2003-10-16 Thread Eirik Oeverby
Jeff Roberson wrote:
On Wed, 15 Oct 2003, Eirik Oeverby wrote:


Eirik Oeverby wrote:

Jeff Roberson wrote:


I fixed two bugs that were exposed due to more of the kernel running
outside of Giant.  ULE had some issues with priority propagation that
stopped it from working very well.
Things should be much improved.  Feedback, as always, is welcome.  I'd
like to look into making this the default scheduler for 5.2 if things
start looking up.  I hope that scares you all into using it more. :-)


Hi..
Just tested, so far it seems good. System CPU load is floored (near 0),
system is very responsive, no mouse sluggishness or random
mouse/keyboard input.
Doing a make -j 20 buildworld now (on my 1ghz p3 thinkpad ;), and
running some SQLServer stuff in VMWare. We'll see how it fares.
Hi, just a followup message.
I'm now running the buildworld mentioned above, and the system is pretty
much unusable. It exhibits the same symptoms as I have mentioned before,
mouse jumpiness, bogus mouse input (movement, clicks), and the system is
generally very jerky and unresponsive. This is particularily evident
when doing things like webpage loading/browsing/rendering, but it's
noticeable all the time, no matter what I am doing. As an example, the
last sentence I wote without seeing a single character on screen before
I was finsihed writing it, and it appeared with a lot more typos than I
usually make ;)
I'm running *without* invariants and witness right now, i.e. a kernel
100% equal to the SCHED_4BSD kernel.


Can you confirm the revision of your sys/kern/sched_ule.c file?  How does
SCHED_4BSD respond in this same test?
Yes I can.
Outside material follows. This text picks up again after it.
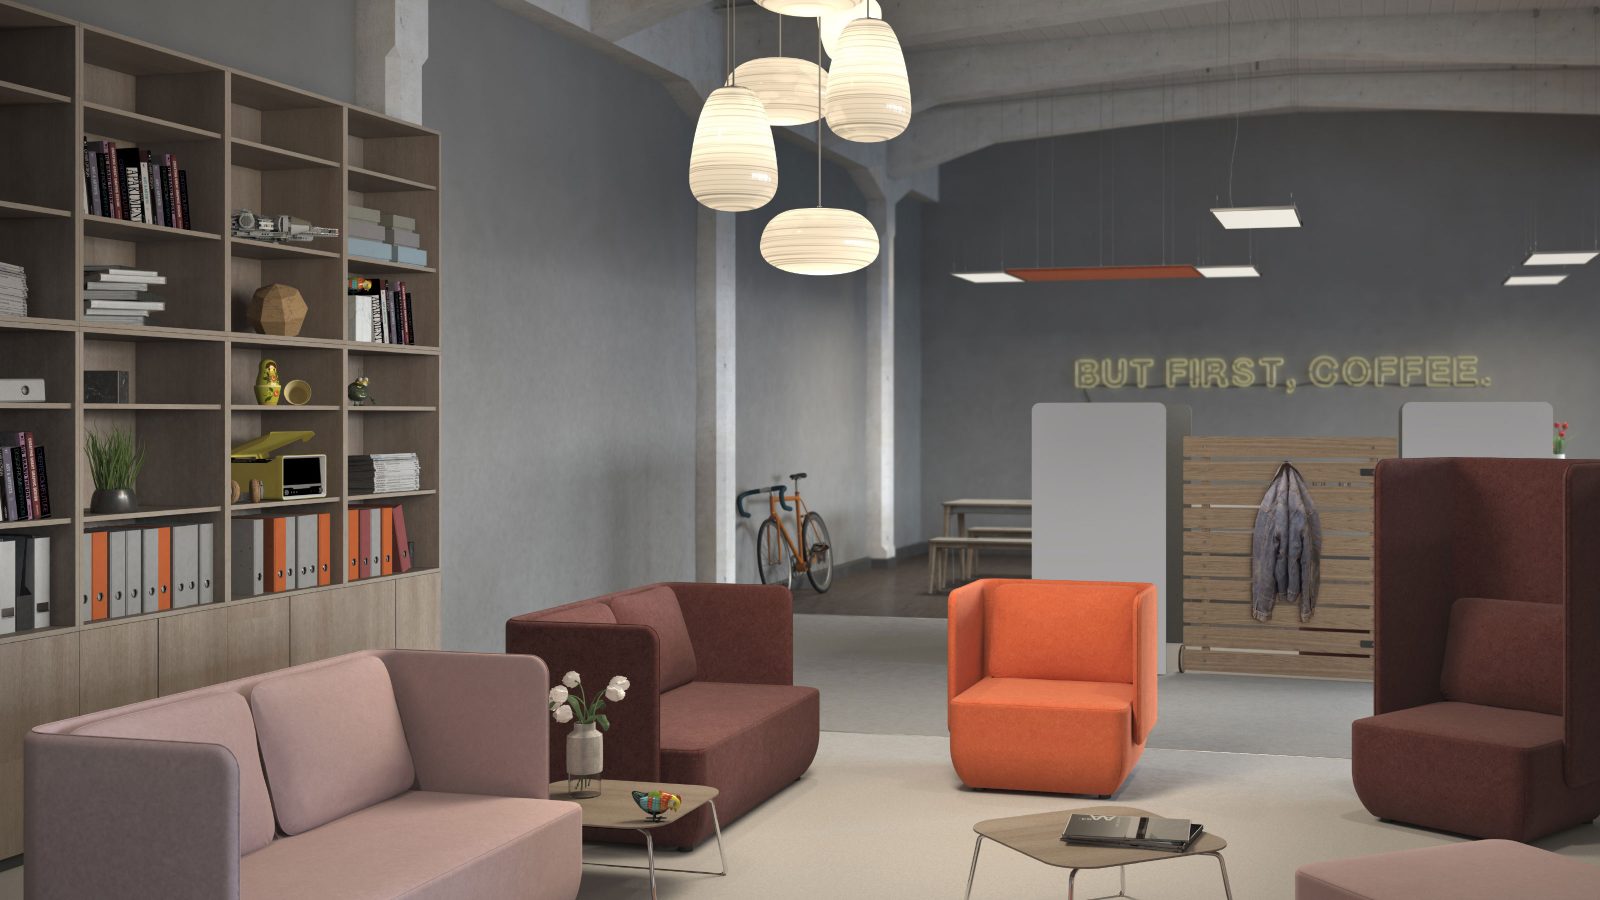 Rendering zeigt eine Büroszene mit einer Loungeecke. Darin stehen Sofas, Sessel und Sitzhocker in den Farben Rosa, Braun und Orange sowie zwei Beistelltische. Links an der Wand steht ein hohes Büroregal.

From file:
__FBSDID($FreeBSD: src/sys/kern/sched_ule.c,v 1.59 2003/10/15 07:47:06 
jeff Exp $);
I am running SCHED_4BSD now, with a make -j 20 buildworld running, and I 
do not experience any of the problems. Keyboard and mouse input is 
smooth, and though apps run slightly slower due to the massive load on 
the system, there is none of the jerkiness I have seen before.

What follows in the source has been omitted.